また、 intent debt が cognitive debt 、つまりソフトウェアへの理解を阻害していることも指摘されている。まあ intent debt / cognitive debt / technical debt それぞれがそれぞれを増幅するというパスがあるのだが、たぶん最初は LLM による intent debt が発生、からの気づかずに蓄積し cognitive debt / technical debt へという流れだと思う。気づかない、というあたりは cognitive surrender の文脈。アジャイル開発の文脈では実践することによって情報を取得し、そこでまた判断をし、というプロセスがあったが、 coding agent を使いながらの開発ではひとりでずっと debt を溜め込んでしまい、どうにもならなくなるところまで気づかないという可能性もありうる。

意図を明文化していこう🔗

別々の論文から、意図を適切に coding agent に伝えることが重要だという示唆が得られた。少なくともこれらで言及されている問題の軽減にはなるだろう。

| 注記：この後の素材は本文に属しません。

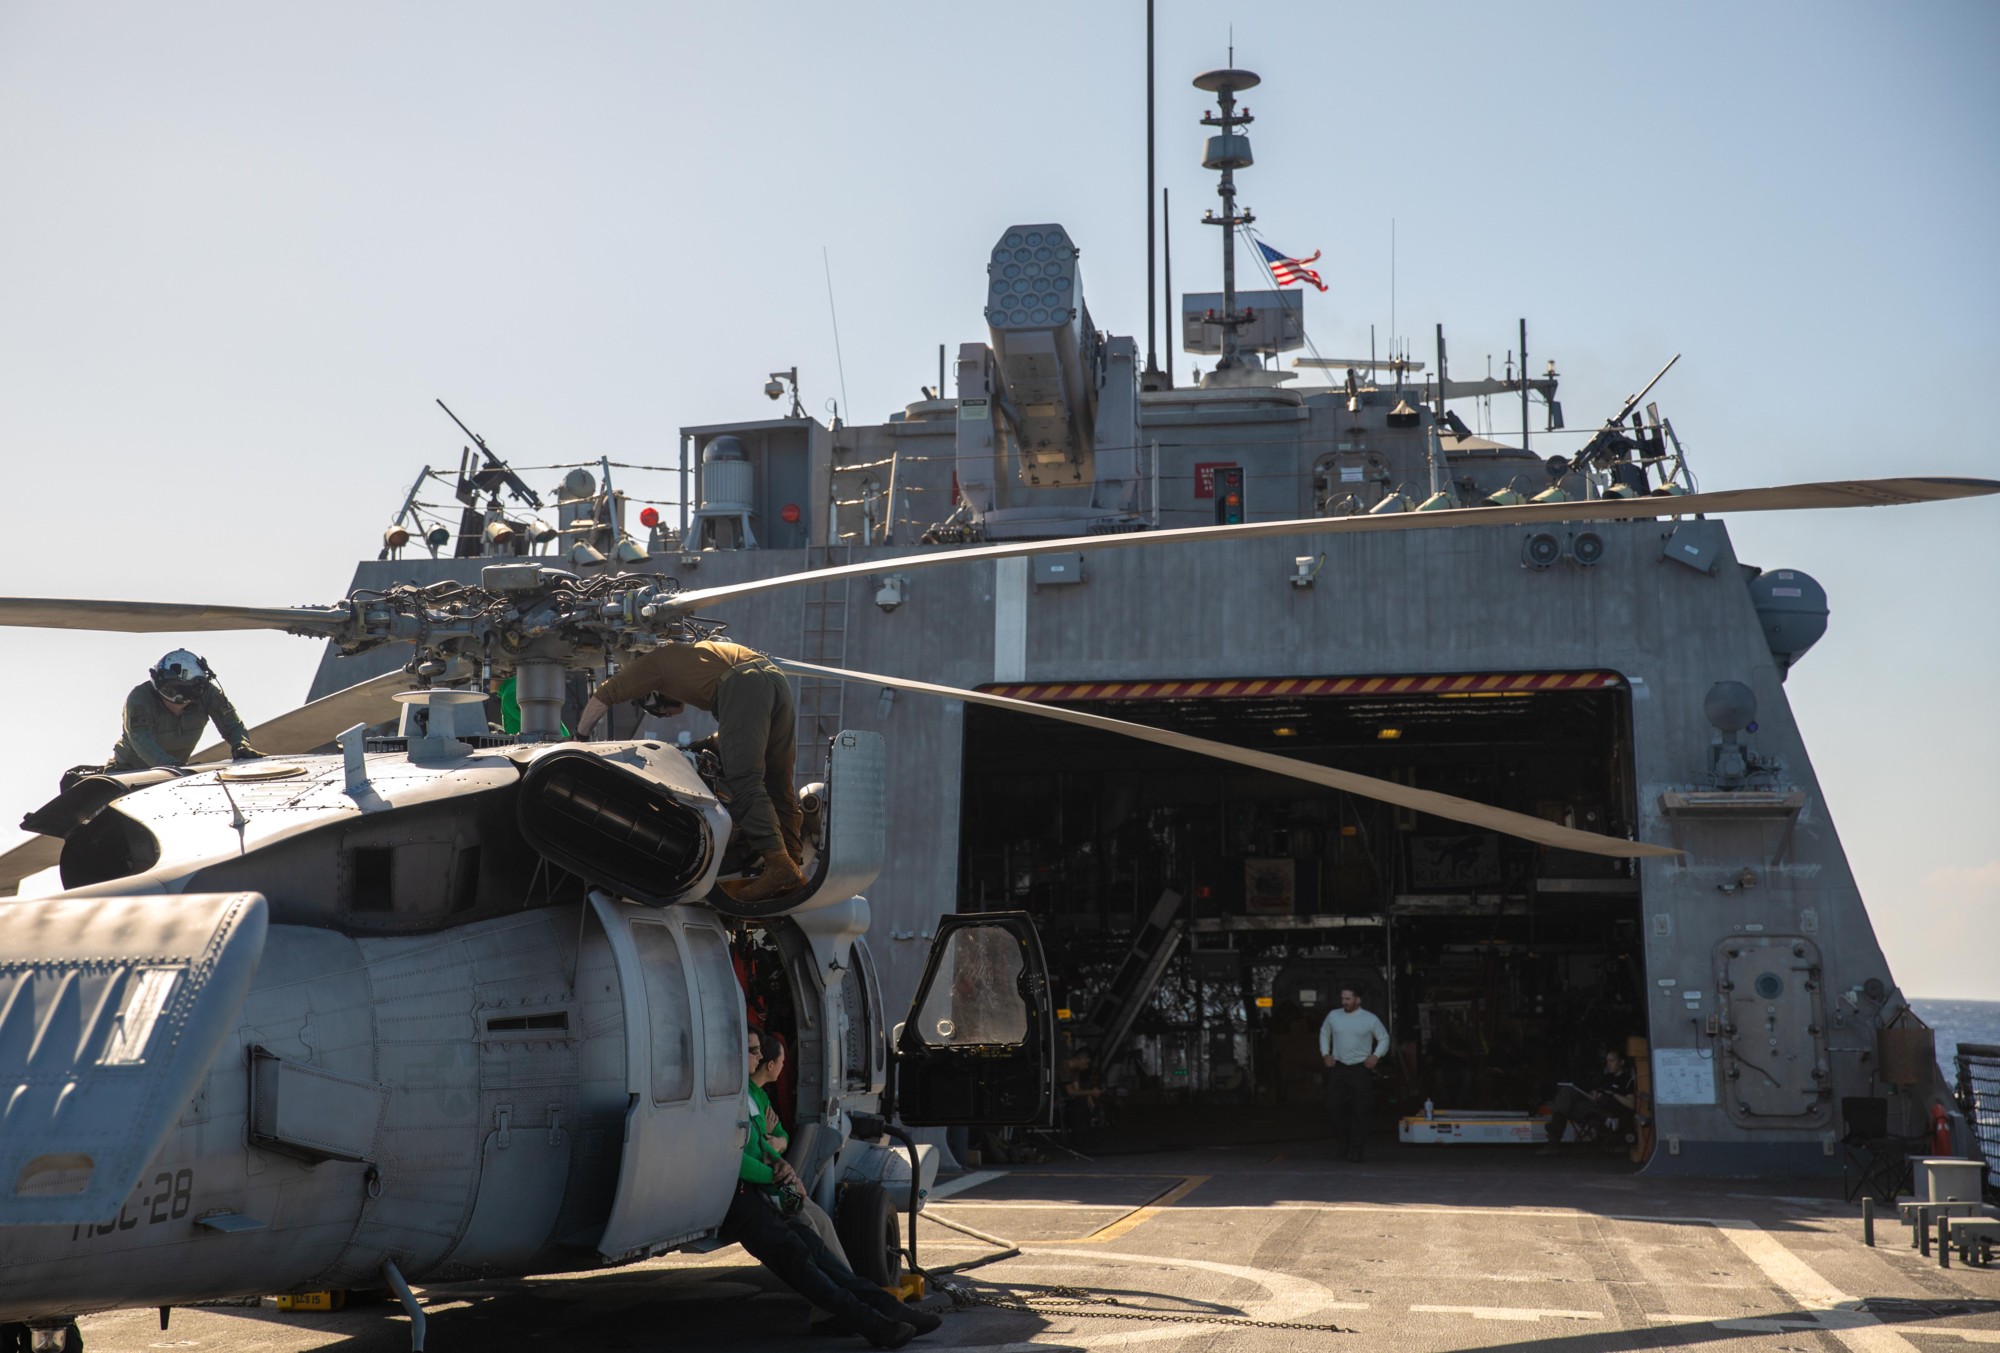 lcs-15 uss billings freedom class littoral combat ship us navy 73 mh-60s seahawk hangar

たぶん一番コスパのいい介入は PRD や design doc 、 ADR など、今まで実績のあるフォーマットで文書を書いて LLM に読ませていくこと。仕様駆動開発はまだ Spec-first のものが多いし、そこを LLM に書かせると AI slop によってメンテできなくなるのでやめたほうが良い。使ったとして、各フォーマットがどういうものなのかやテンプレートの調整、例を書かせてみる、書く際の個別事項の相談などに留めると良いだろう。

できるところ、わかる範囲でいいので書いていくことが大切だと思っている。 coding agent に書かせてみて、そこから学ぶところがあれば書き足していく形で良い。まず書き足せる場所を作るのが何より大事だ。 ThoughtWorks でもコンテキストへの入力を明文化しておくというアプローチに一定の効果があるとか開発者が持つ暗黙知を表出化させるのが重要というハナシをしている。

ただし、コードと内容が重複するドキュメントはメンテナンス難度を上げるだけなので避けたほうが良い。アジャイル開発の文脈における「必要なドキュメント」が何かを見極めて書いていく必要がある。